A final point here that Spears made is that service costs are always below replacement cost, and that’s going to have to change soon. He commented that based on his research with drilling contractors, daily rates for high specification rigs will be around $40,000/per day by the end of 2022. About double current levels . Other service companies will do the same.
One of the points he made here is that the oil companies may have to become the bank for the service companies. It’s not a comfortable position for them, but as you can see, service provider cash burn cannot last. At this rate, cash balances will be depleted before the impact of rising rates hits the balance sheet. In a way, these are great problems to have. HAL and SLB are tasked with doing more, which will impact cash flow and earnings. The problem is that management hasn’t squarely addressed profitability. All utilities have pledged to raise prices to improve profitability and cash generation. Spears noted that this is on the horizon with private companies and hopefully soon.
Logistics, supply chain and inflation
The pandemic has disrupted the flow of goods from traditional manufacturing points.

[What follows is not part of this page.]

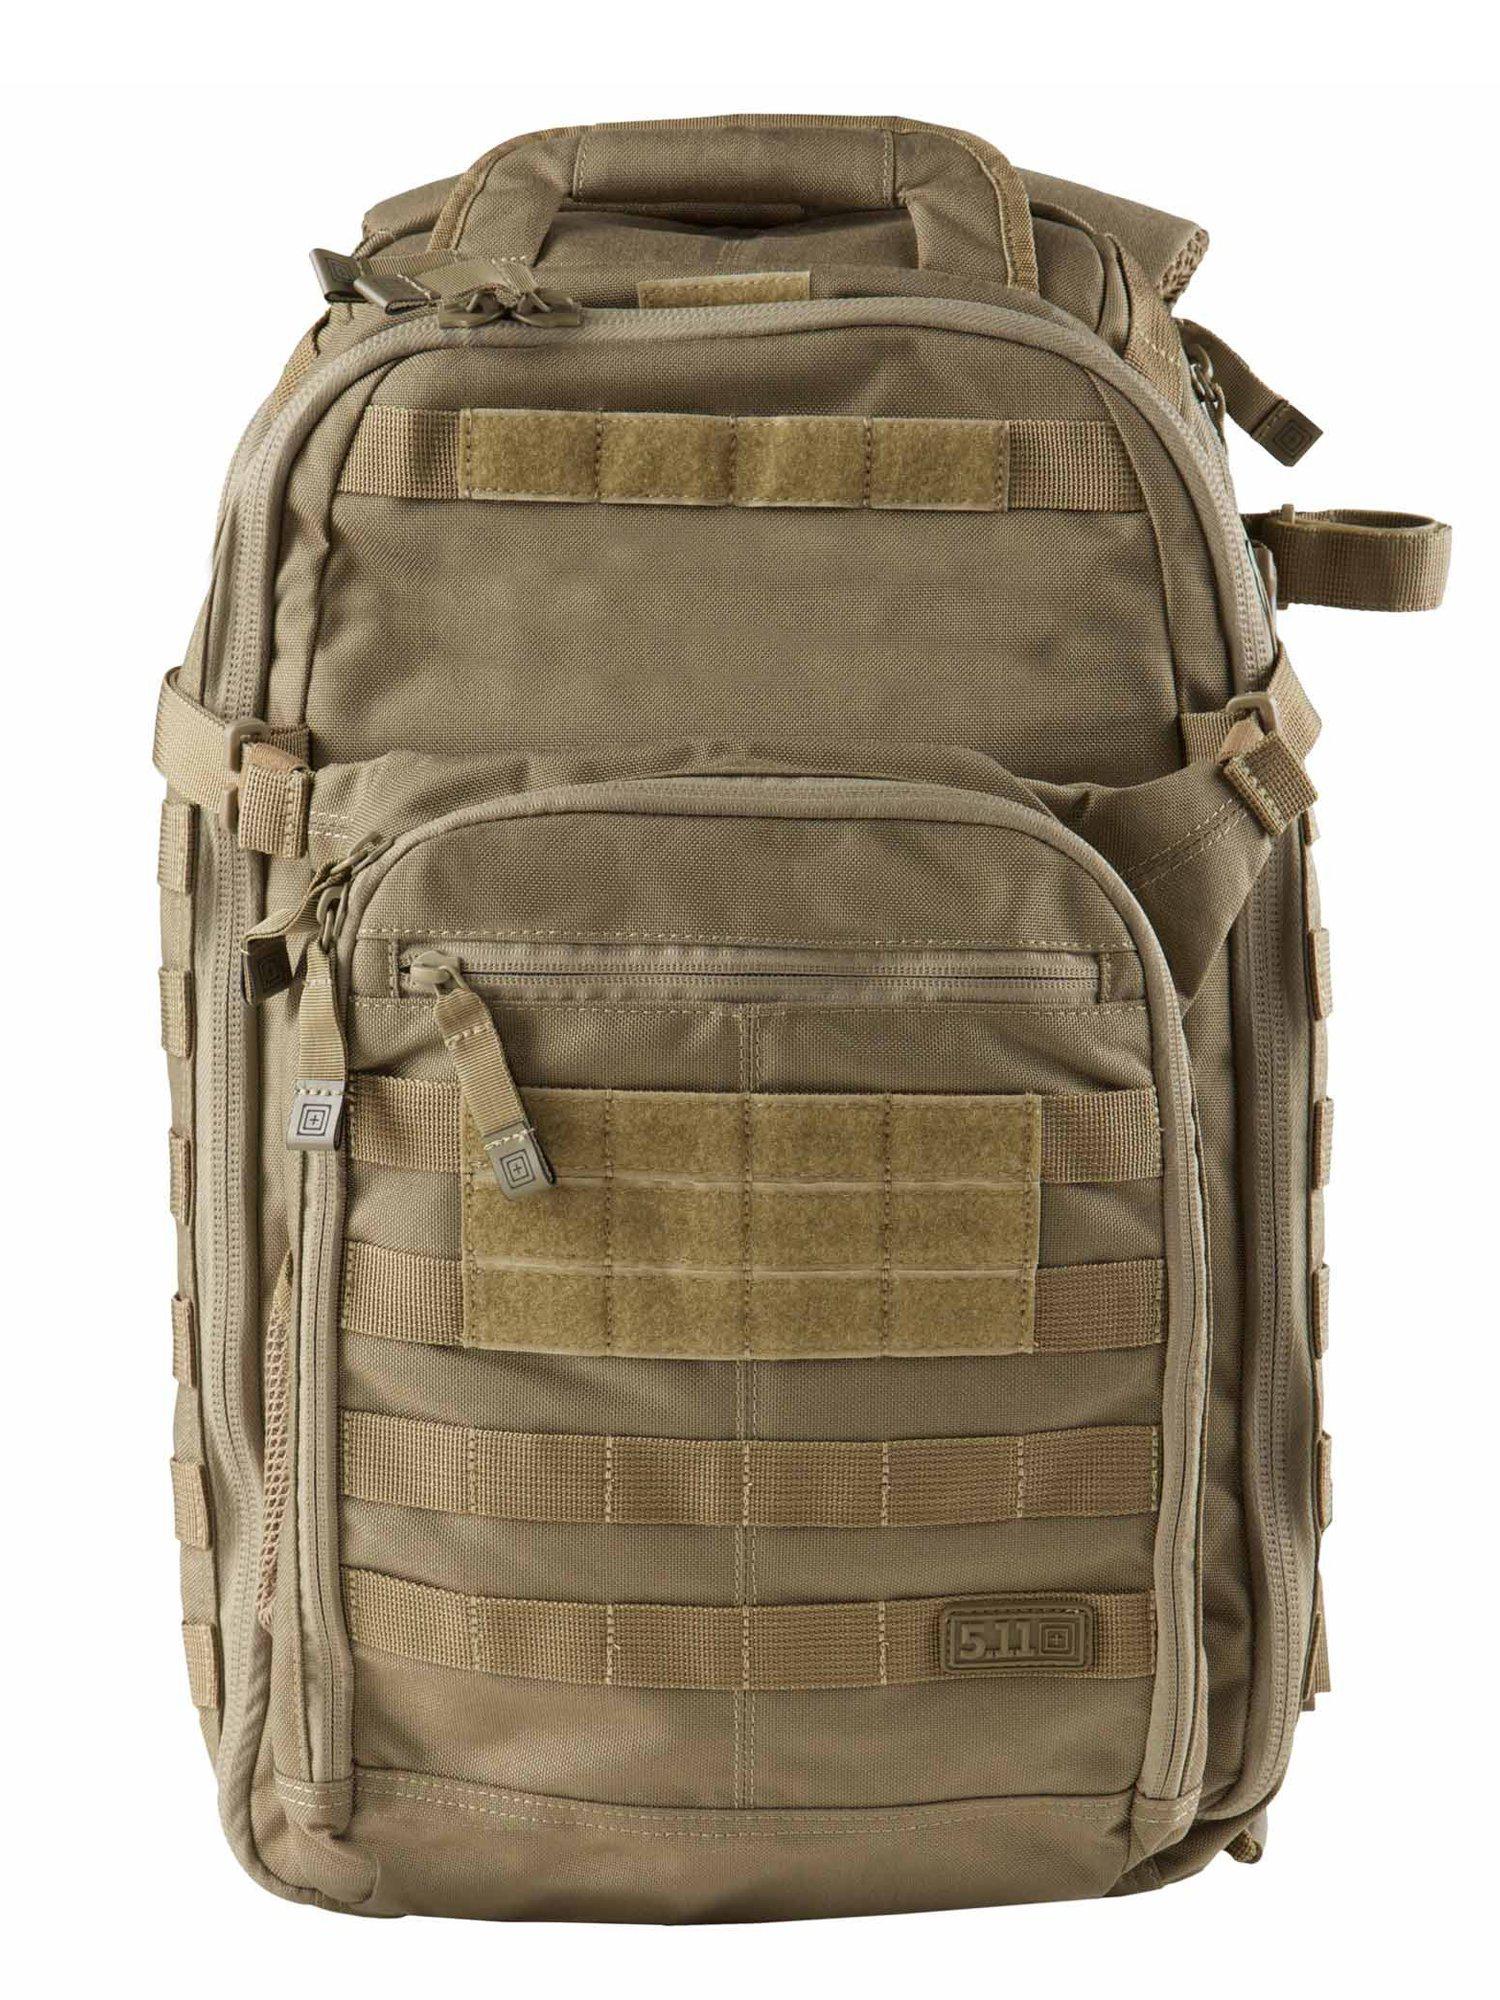 5.11 Tactical All Hazards Prime Backpack - TacSource

The war in Ukraine has profoundly exacerbated this in ways we are only just beginning to discover. As an example, Richard cited the bit company he serves as a board member. The drill body is cast and cobalt is used to strengthen it. The widespread and growing manufacture of batteries for electric vehicles has caused disruptions in the supply and cost of cobalt.
His argument was that the drill bit manufacturer is very low on the cobalt supplier allocation curve and has no leverage when it comes to negotiating prices.
Take this factoid and extend it across the entire oilfield supply chain. The costs disappear and will soon result in a restriction of the availability of services. He also cited an exponential increase in the cost of frac gear to repair worn fluid ends on pumps.
Your takeaway meals
These are growing pains in my book. I’m not quite ready to agree with Richard on the US land drilling output rate for 2022 at 800, but it’s probably well below my estimate of 1,100. The bigger point is that 800 National platforms are approaching a very healthy market for services, and in this oil price regime, this growth should continue into next year.
The overall implication for service providers is a higher oil price regime for longer, leading to a robust market, as Big Red and Big Blue demonstrated in their Q-1 reports. For me, cash burn will slow as prices adjust and working capital is supplemented with cash flow. They should be bought near current levels on any weakness.
For oil production from shale basins in general, the forecasts are not as clear cut. As noted in the Oilprice article I referenced above, the quality of the remaining undrilled shale acreage raises concerns about its ability to provide the amount of production provided by Tier I acreage.
“One of the questions that often comes up is what will happen when the Tier I acreage is excavated. There are estimates that this could happen within the next decade. longevity of Level I shale in years at current drilling rates.
Why U.S. Shale Production Remains Stubbornly High, OilPrice, March 10and2021
What is clear is that the government’s flippant faith that shale production can easily increase is misplaced. A combination of natural limitations, logistics, inflation and human impacts are taking their toll, and the effects will become more evident as the year progresses.